- Born: 1841 Willimantic, Connecticut, US
- Died: 1870 (aged 28–29) Caldera, Chile
- Buried: Windham, Connecticut, US
- Allegiance: United States
- Branch: United States Army
- Rank: Corporal
- Unit: Company L, 1st New Jersey Volunteer Cavalry
- Conflicts: American Civil War
- Awards: Medal of Honor

= William B. Hooper =

American Civil War Medal of Honor recipient

William B. Hooper (1841 - January 16, 1870) was a Union Army soldier in the American Civil War who received the U.S. military's highest decoration, the Medal of Honor.

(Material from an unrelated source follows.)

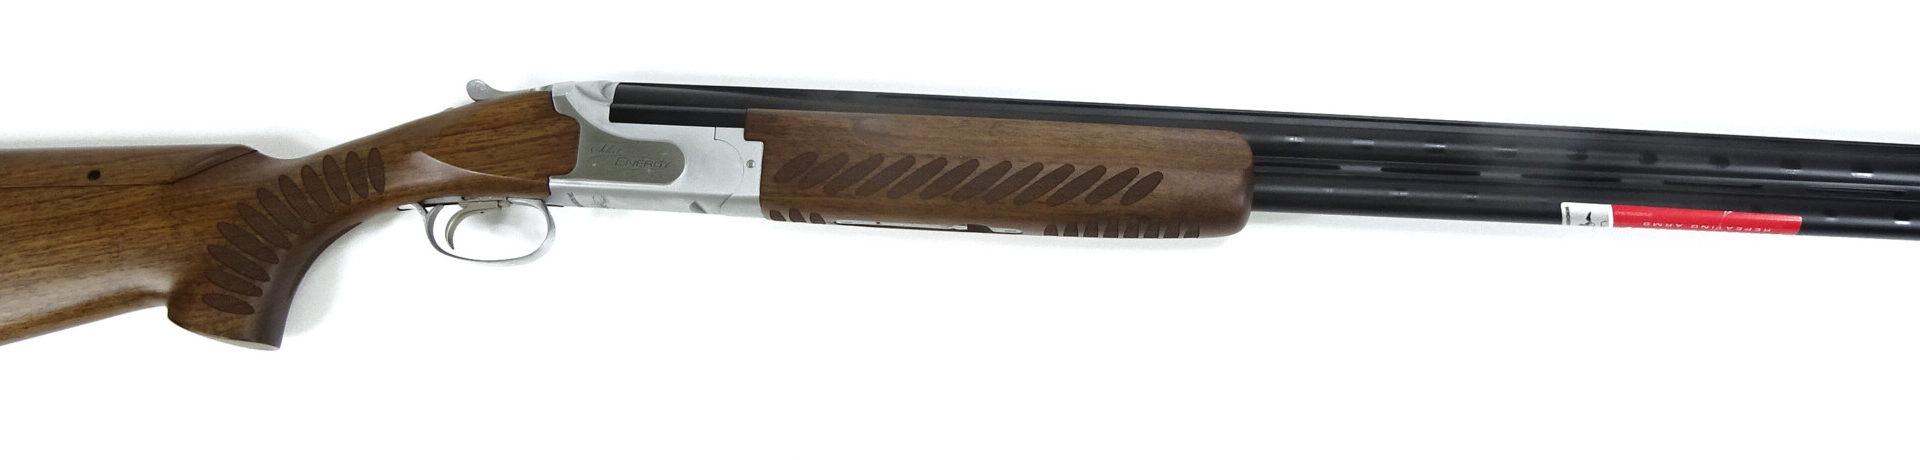 DSC02155

Hooper was born in Willimantic, Connecticut. He was awarded the Medal of Honor for extraordinary heroism shown on March 31, 1865, while serving as a corporal with Company L, 1st New Jersey Volunteer Cavalry, at Chamberlains Creek, Virginia. His Medal of Honor was issued on July 3, 1865.

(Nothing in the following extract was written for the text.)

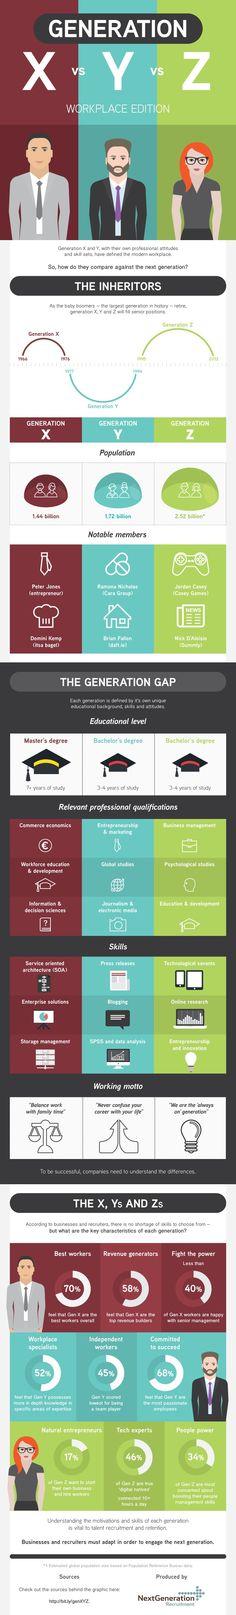 Les différentes générations sous forme d'infographie #infographie #digitale - margauxduprat.com -

He died at the age of 29, on January 16, 1870, in Caldera, Chile. An "In Memory Of" government-issued headstone is in the family plot at the Old Willimantic Cemetery in Windham, Connecticut. His exact burial location is unknown.

==Medal of Honor citation==

The President of the United States of America, in the name of Congress, takes pleasure in presenting the Medal of Honor to Corporal William B. Hooper, United States Army, for extraordinary heroism on 31 March 1865, while serving with Company L, 1st New Jersey Cavalry, in action at Chamberlain's Creek, Virginia. With the assistance of a comrade, Corporal Hooper headed off the advance of the enemy, shooting two of his Color Bearers; also posted himself between the enemy and the lead horses of his own command, thus saving the herd from capture.